◆ **INSTRUCTIONS FOR THE TASK**: This calls for a verbatim copy of all the data, with no images carried over.
---- PROVIDED MATERIAL
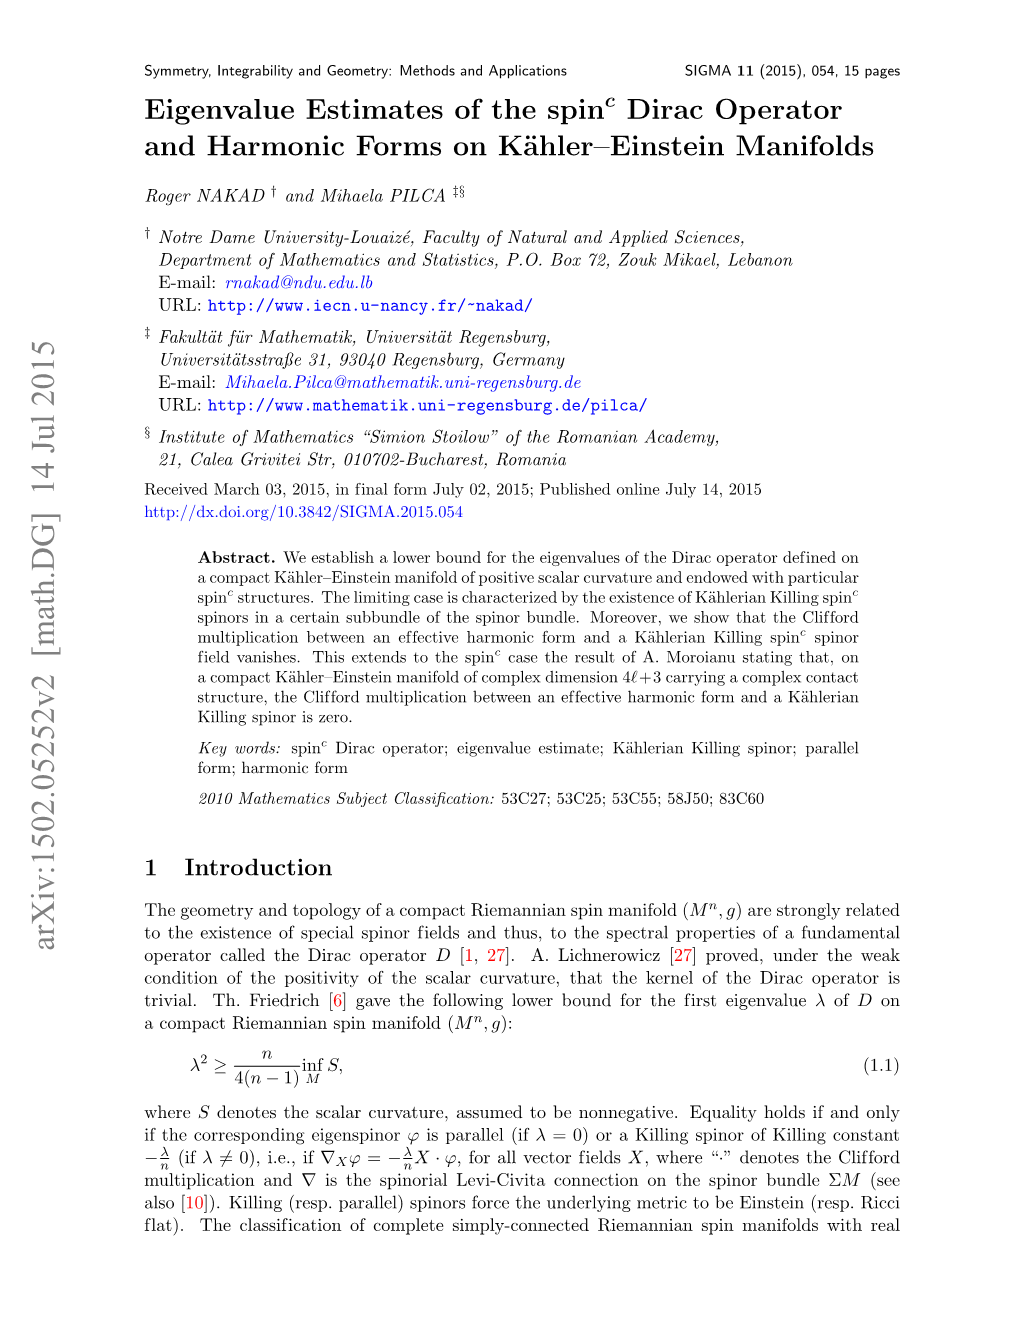 Eigenvalue Estimates of the ${\Rm Spin}^ C $ Dirac Operator and Harmonic
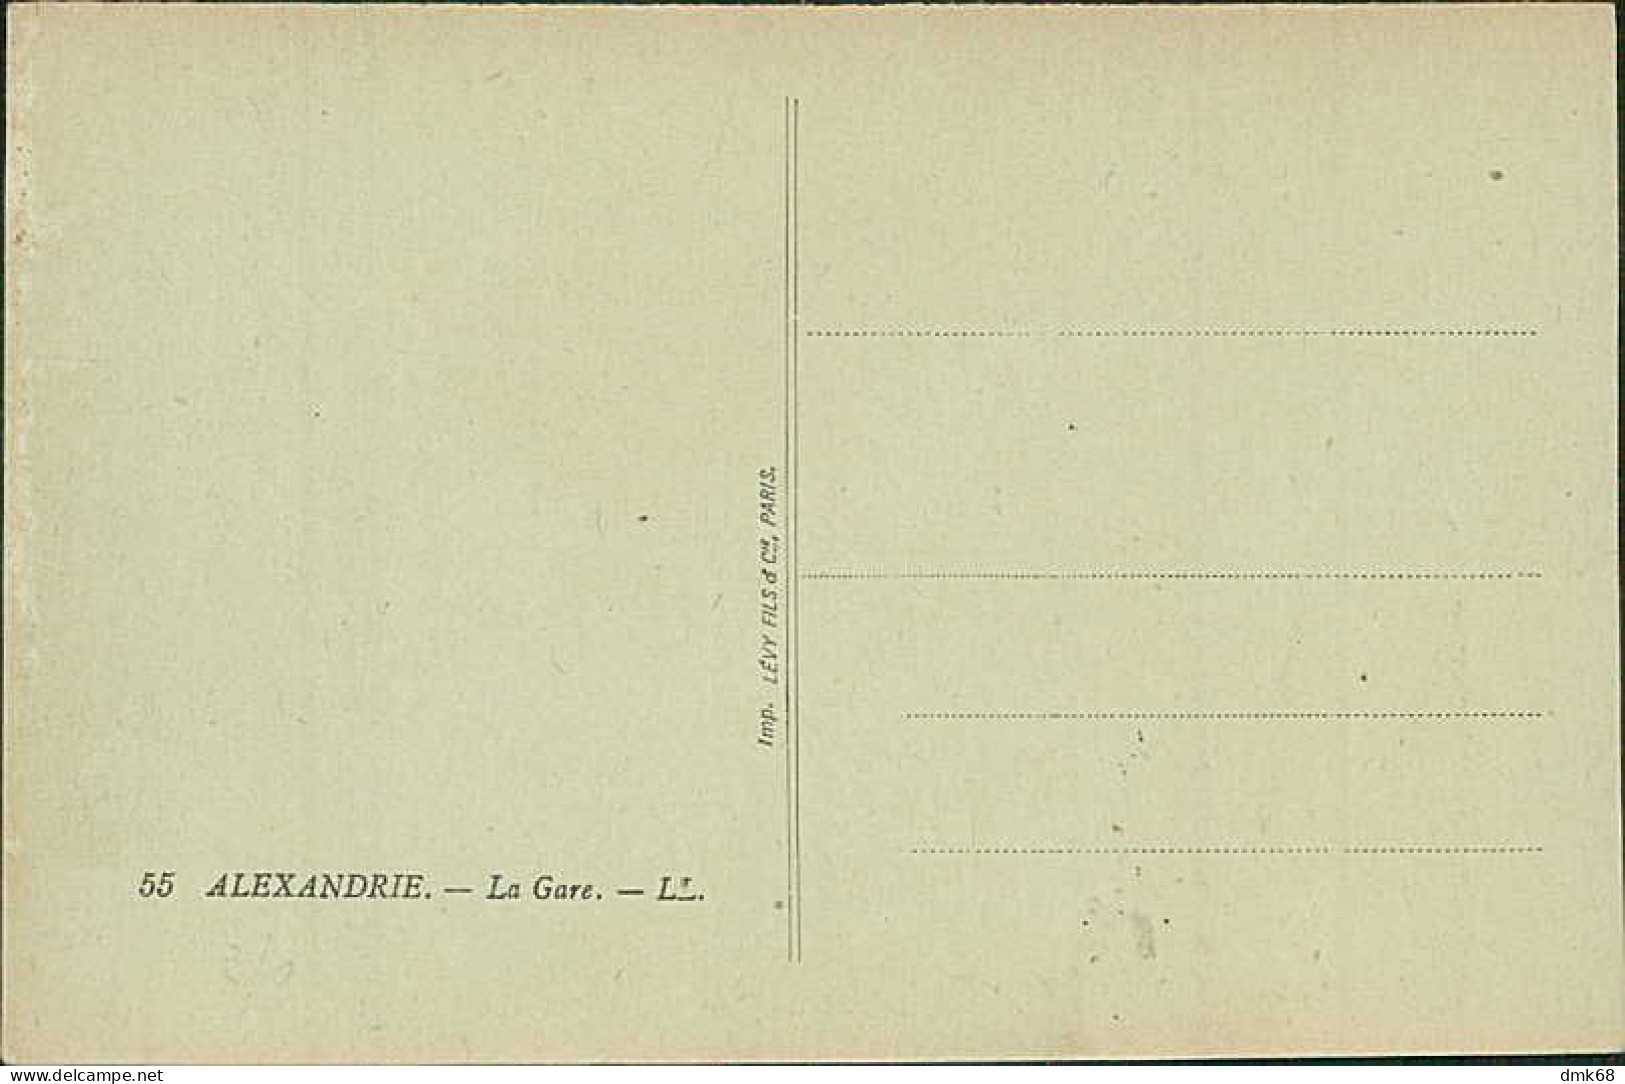 EGYPT - ALEXANDRIA / ALEXANDRIE - THE STATION - EDIT L.L. - 1910s (12633/3) - Alexandrie
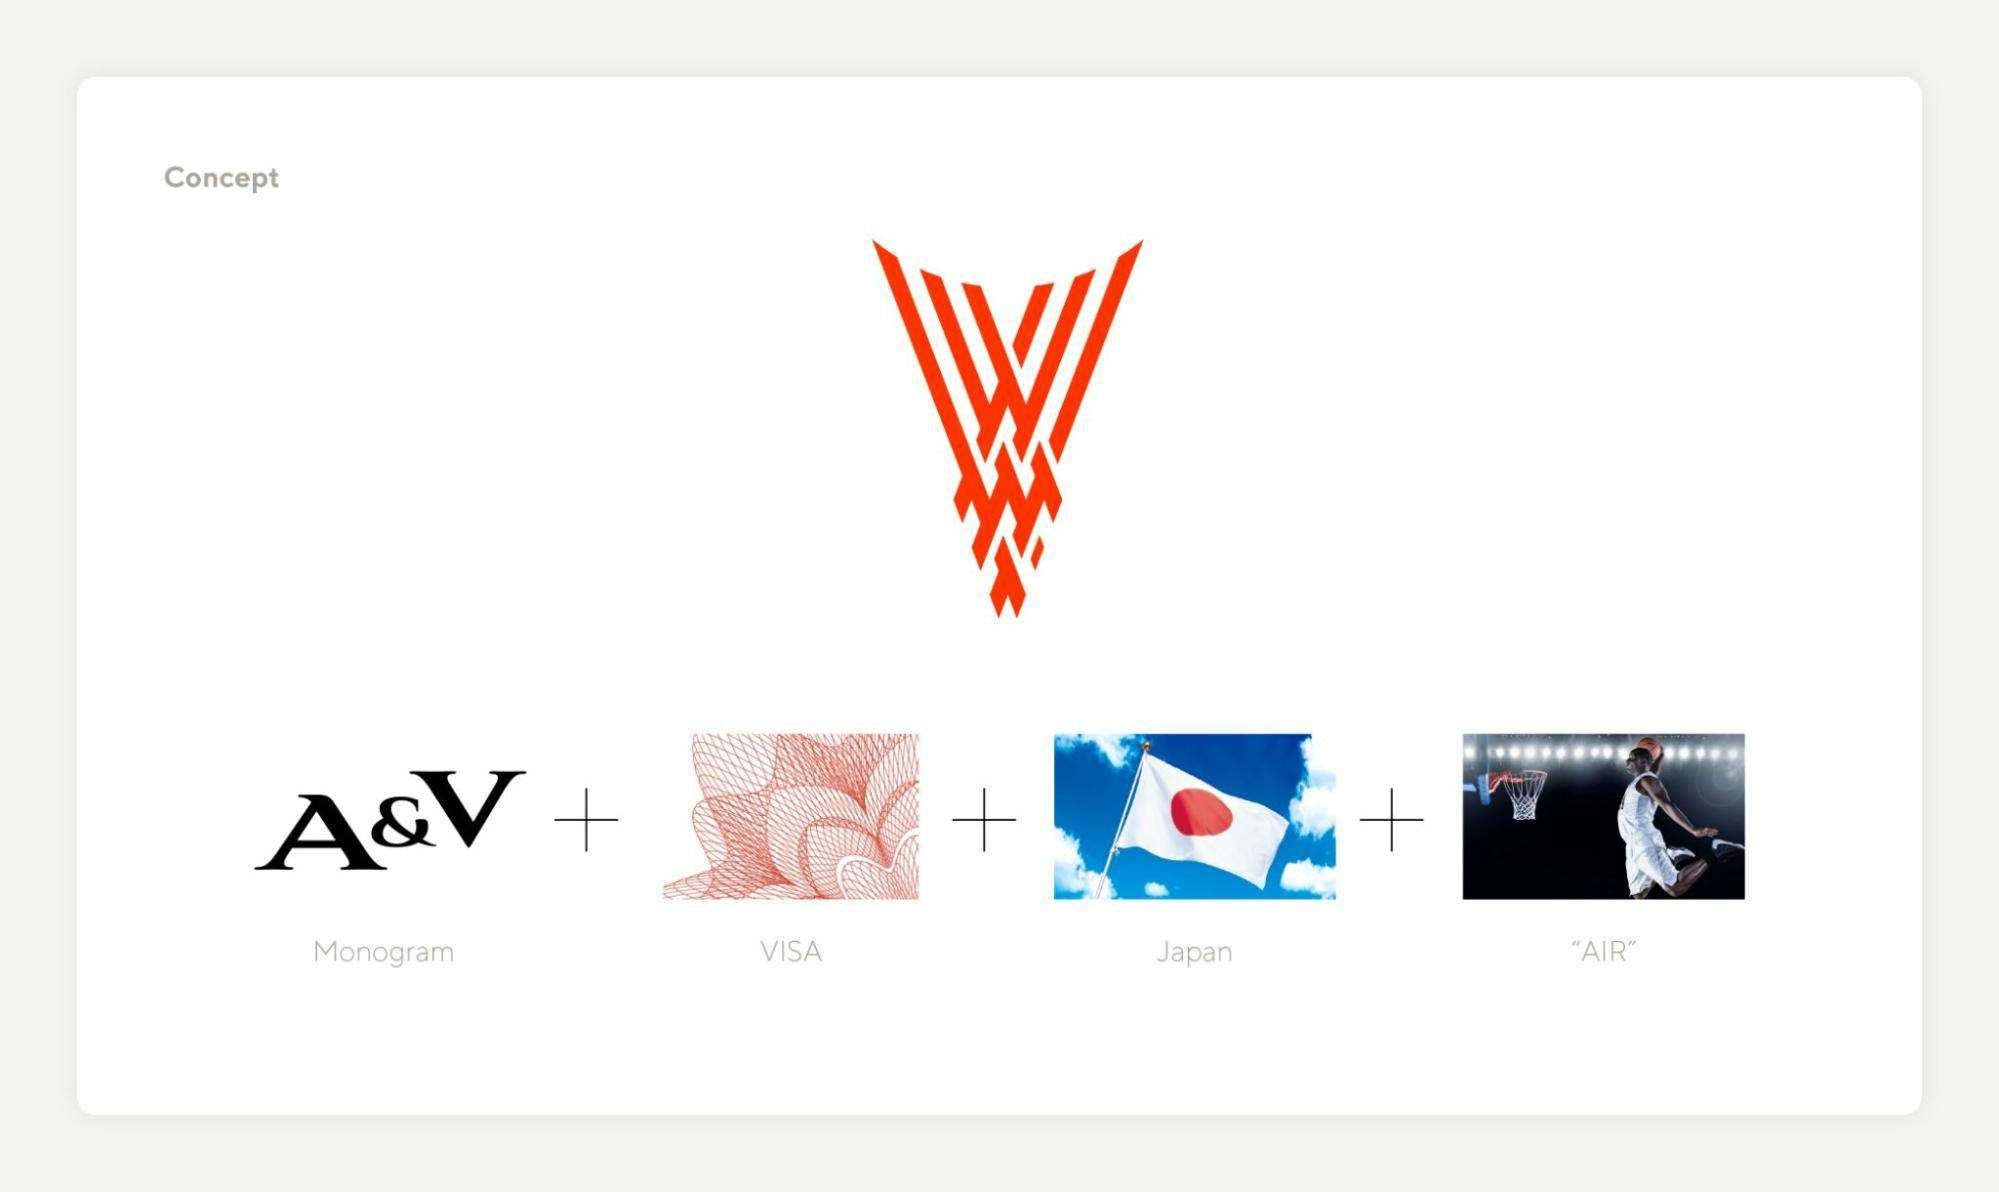 Monogram+VISA+Japan+"AIR"と書かれた上に、AIR VISAのロゴが描かれている。
--------
◆ **TASK RESULT**:
 Eigenvalue Estimates of the ${\Rm Spin}^ C $ Dirac Operator and Harmonic
 EGYPT - ALEXANDRIA / ALEXANDRIE - THE STATION - EDIT L.L. - 1910s (12633/3) - Alexandrie
 Monogram+VISA+Japan+"AIR"と書かれた上に、AIR VISAのロゴが描かれている。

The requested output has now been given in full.